Il tuo romanzo nasce da storie vere, da relazioni intessute realmente. Che effetto ha avuto questo aspetto della tua riflessione sul tuo lavoro e, in particolare, su un’altra relazione importante per la nascita di un romanzo: quella con il/la tuo/a editor? Che ruolo hanno avuto il/la tuo/a editor e il tuo rapporto con lui/lei nella costruzione del romanzo?

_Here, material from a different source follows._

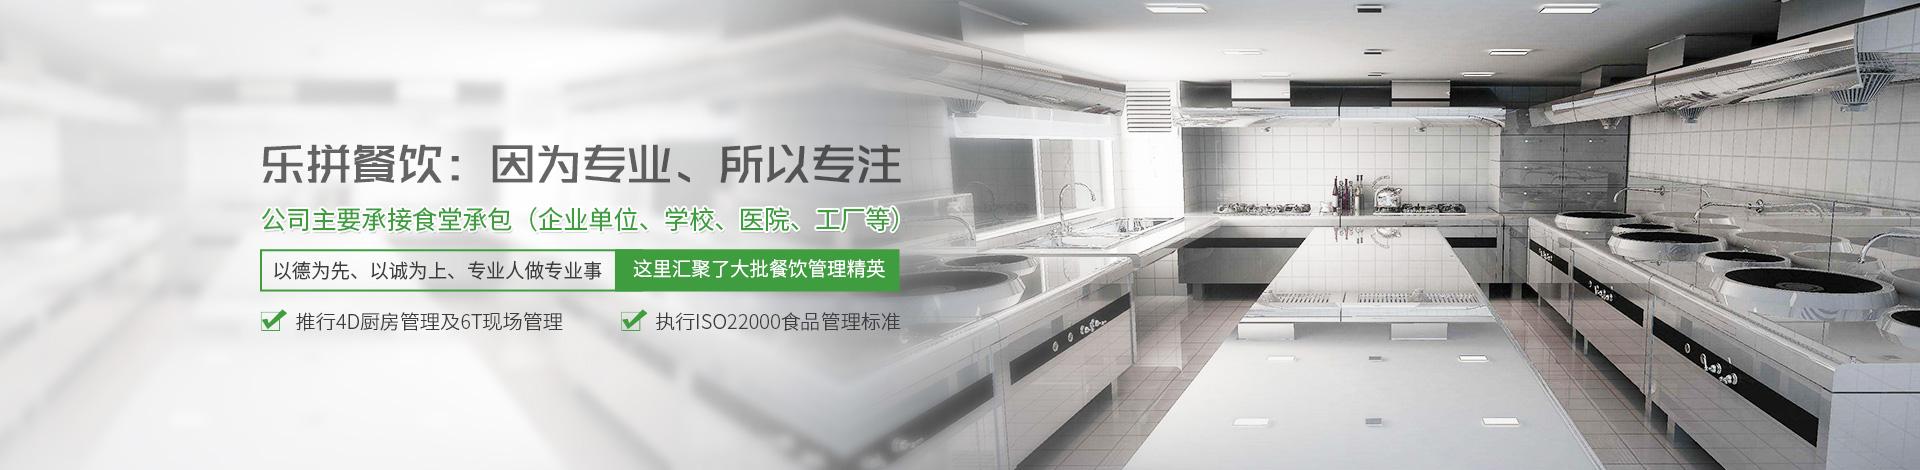 吴江食堂承包

Siamo tutti portatori sani di storie: alcune personali e altre che costruiamo nell’incontro con gli altri. Io lavoro sulla verità narrativa, cioè su come la gente si racconta la sua propria storia. Non mi importa che la versione sia vera o falsa, mi importa capire perché è utile a chi la racconta. Raccolgo molte storie e poi le trasformo, in parte per tutelare chi me le ha regalate, in parte perché il mio è un lavoro creativo e di immaginazione, proprio come quello dello chef che dosa gli ingredienti per farne un piatto ricco di sapore.

Per quanto riguarda il romanzo, sono alla quinta pubblicazione: tre romanzi su cinque sono stati pubblicati da case editrici molto più grandi di Giulio Perrone Editore (Piemme, Baldini + Castoldi). Nel lavoro con Mariacarmela Leto, editor di Perrone, ho trovato alcuni stimoli nuovi. Mariacarmela mi ha incoraggiata a liberarmi dalla necessità di un lieto fine, per esempio, o dal dovere di accompagnare il lettore: “Vogliamo lettori che abbiamo voglia di fare fatica”, mi ha detto. Desiderosi cioè di lavorare in maniera autonoma tra le righe dei non detti e di gestire da sé la relazione con personaggi spinosi, che non tendono la mano. È un rischio: puoi amare o detestare la mia scrittura e la mia storia. È successo e succederà, e lo accetto. Quando scrivo voglio provare meraviglia. Voglio fare anche io, proprio come il lettore, la fatica di andare verso la possibilità di scoprire, riuscire o fallire.